Since the records include pictures, leave those out while you reproduce exactly and only the lines from the one containing "Vicarage fete, teddy bears on display." through the one containing "[Teddy bears on", inclusive.

▸ **Extracted information**
************

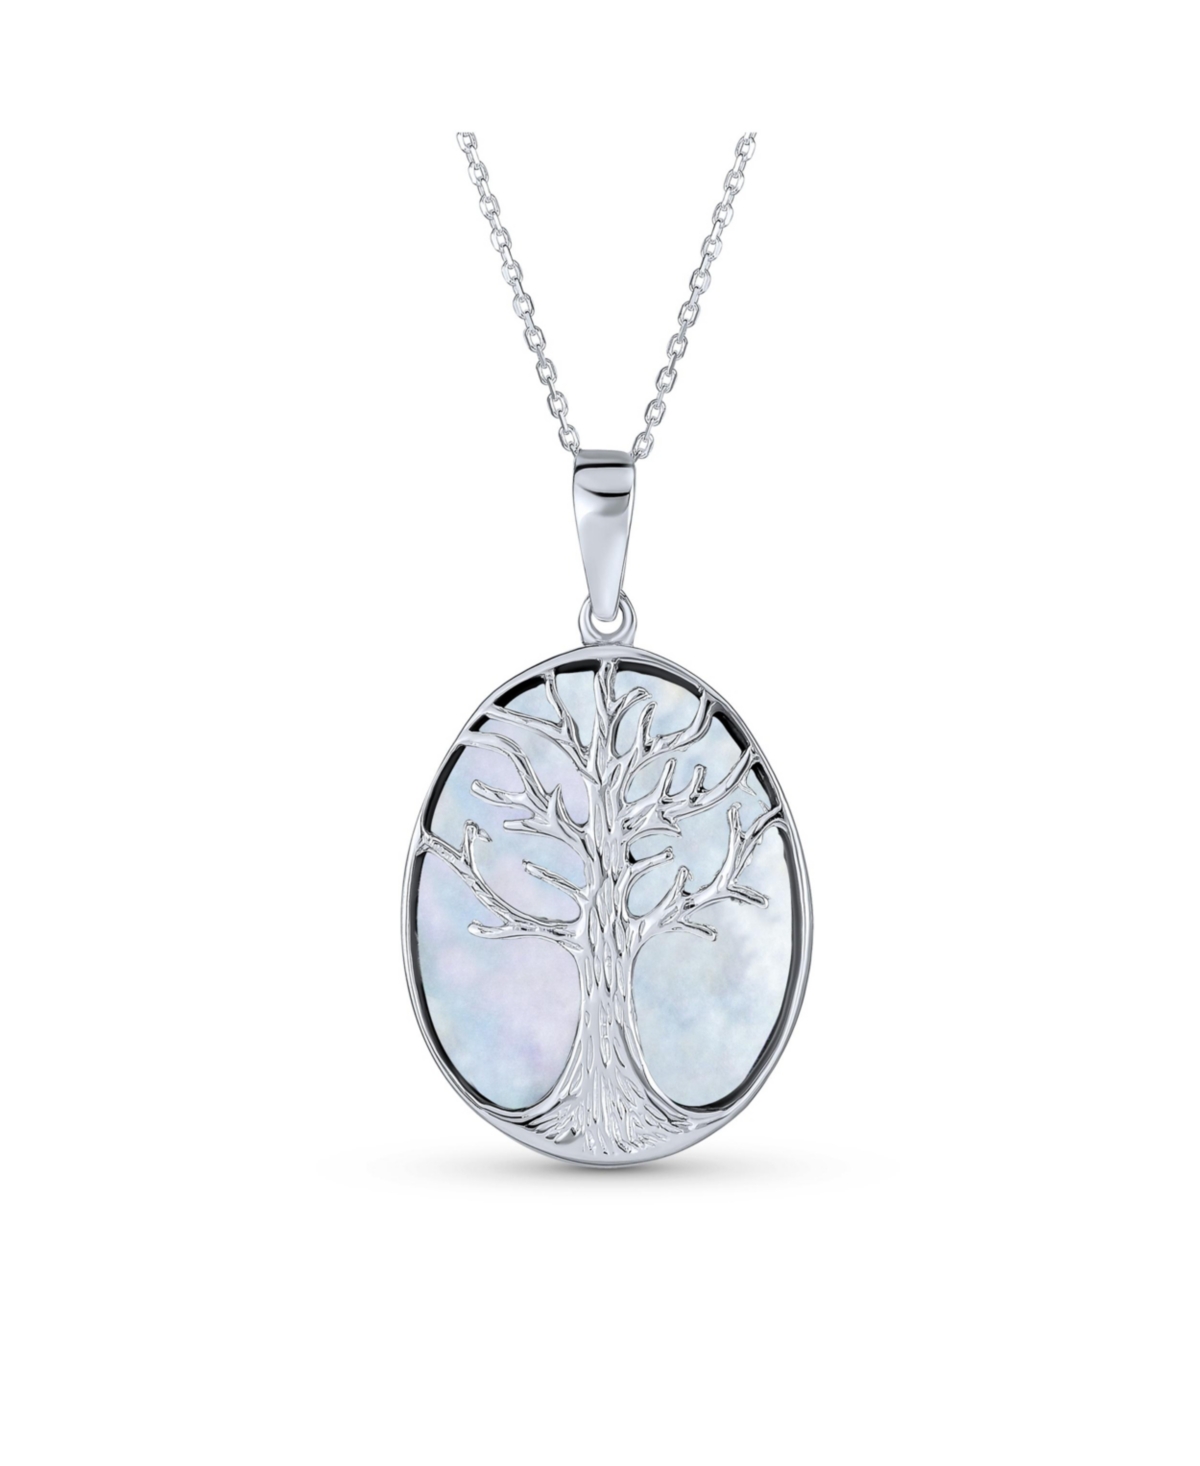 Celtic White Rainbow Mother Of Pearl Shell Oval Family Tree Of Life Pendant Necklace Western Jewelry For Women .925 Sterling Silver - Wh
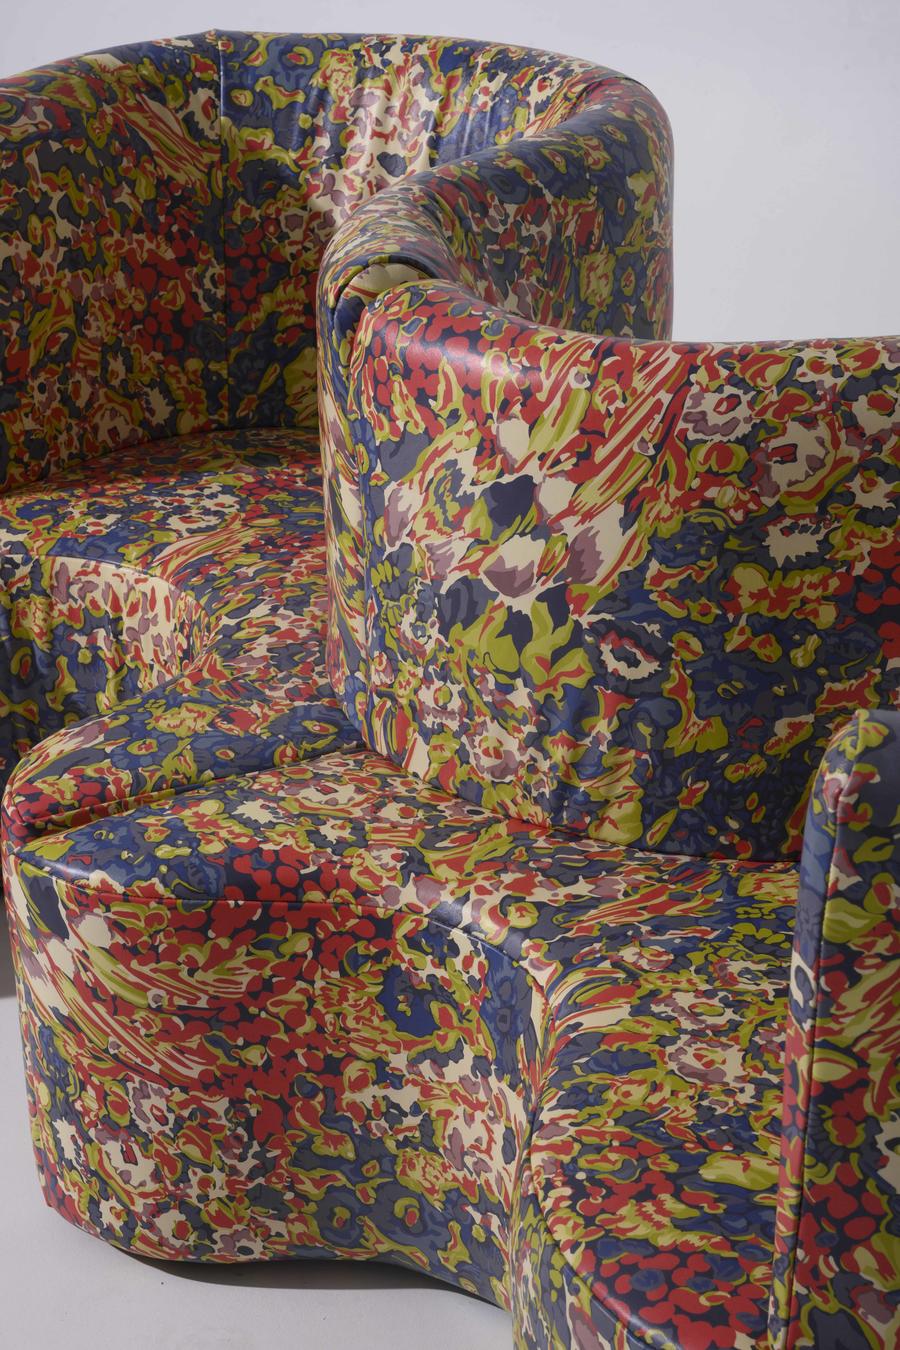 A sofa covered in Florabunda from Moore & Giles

************

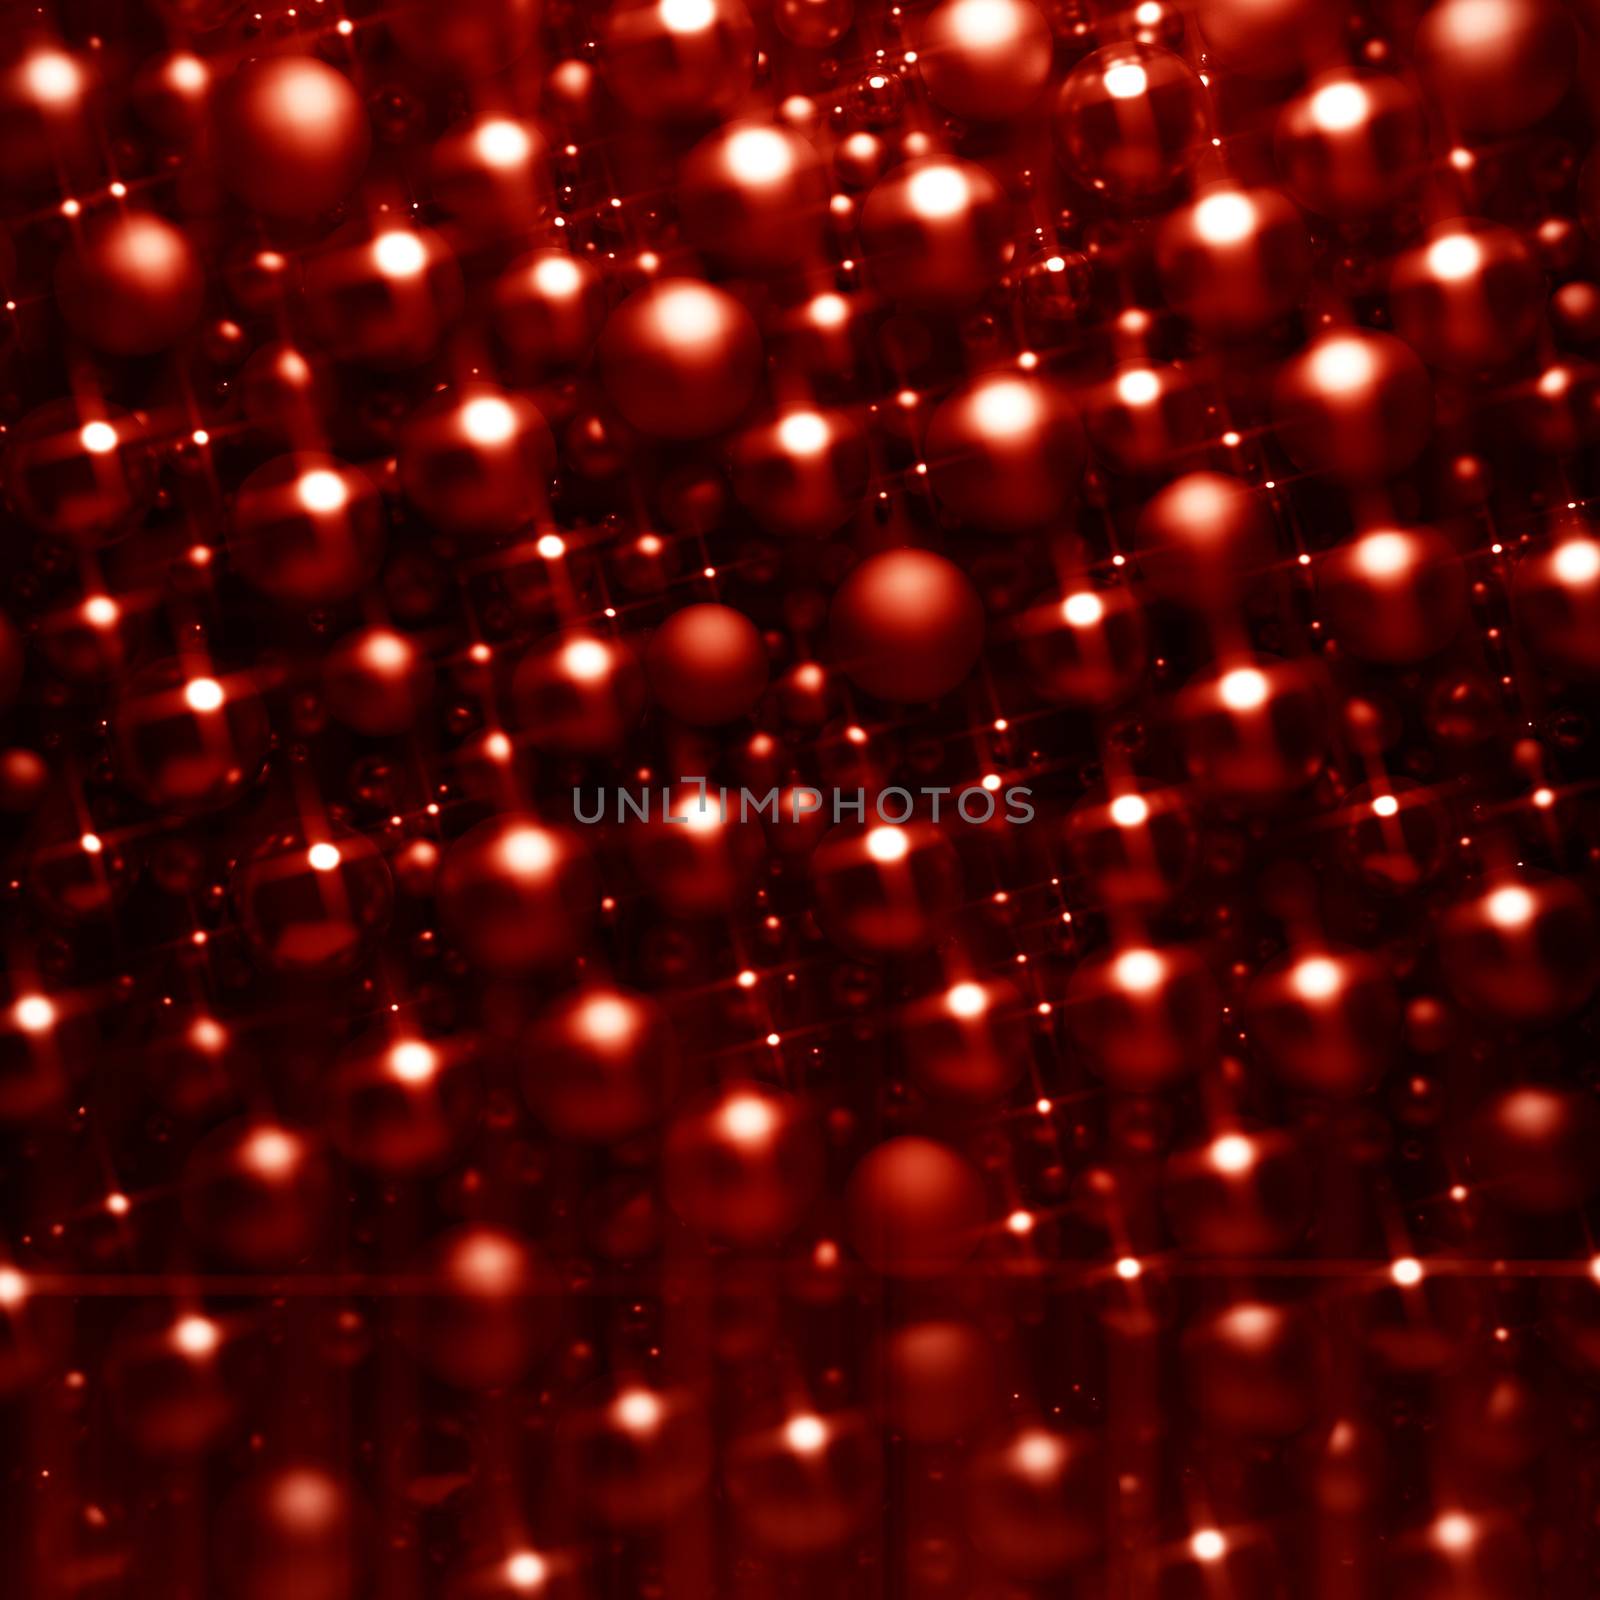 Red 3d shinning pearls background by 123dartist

************

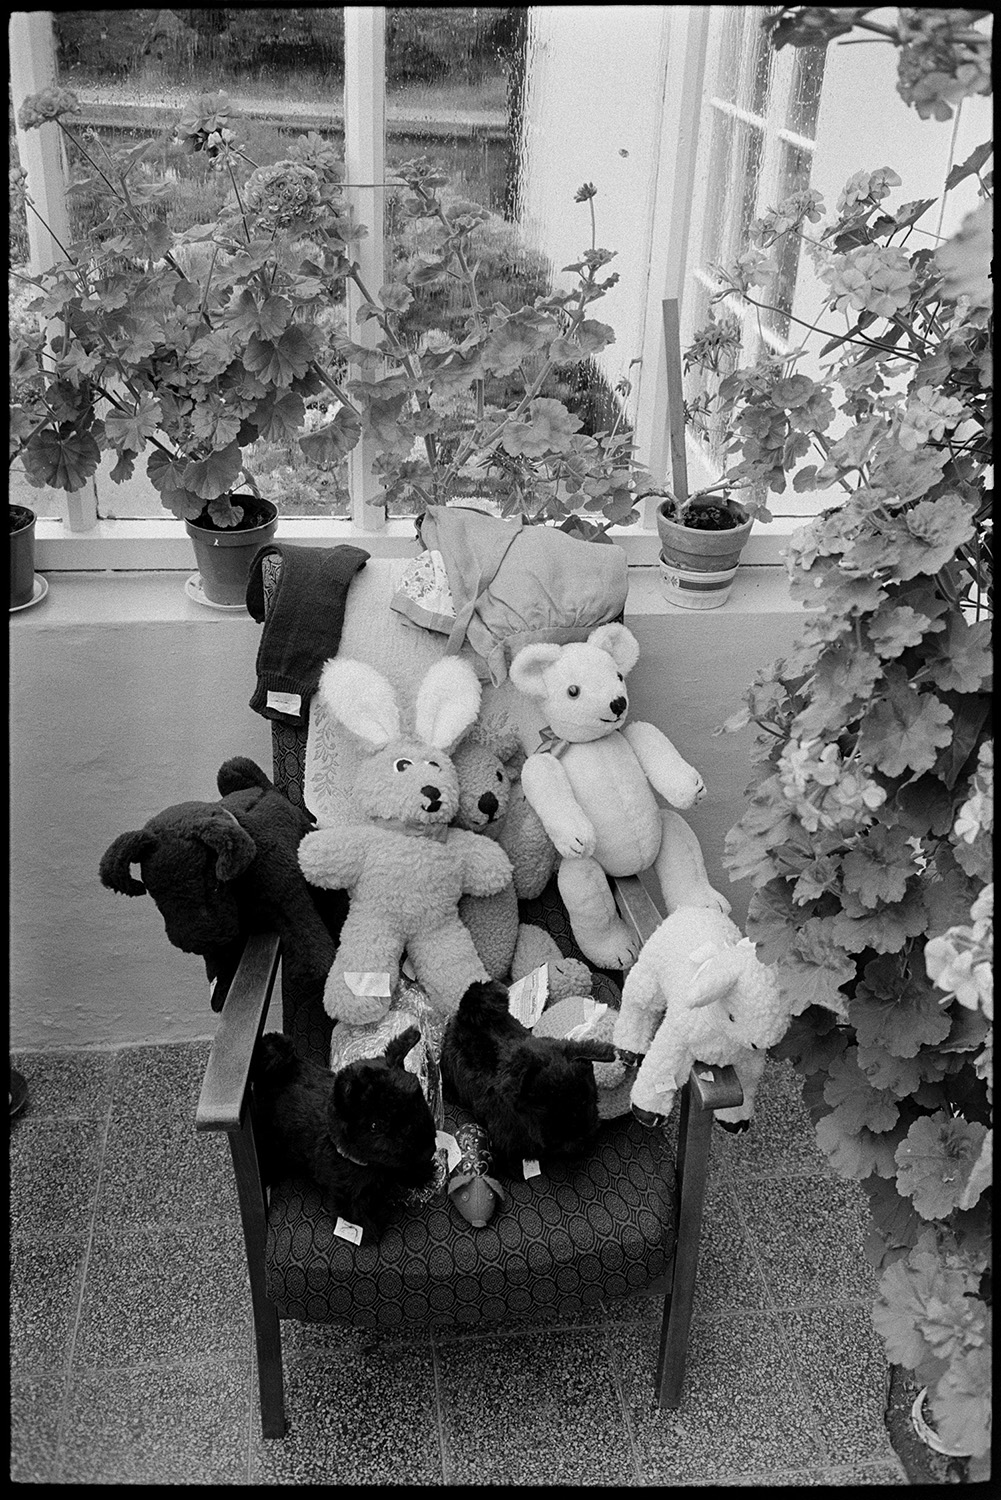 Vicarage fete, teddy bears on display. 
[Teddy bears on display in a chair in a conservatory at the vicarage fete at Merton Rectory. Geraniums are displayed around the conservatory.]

************

▸ **The completed task**
 Vicarage fete, teddy bears on display. 
[Teddy bears on display in a chair in a conservatory at the vicarage fete at Merton Rectory. Geraniums are displayed around the conservatory.]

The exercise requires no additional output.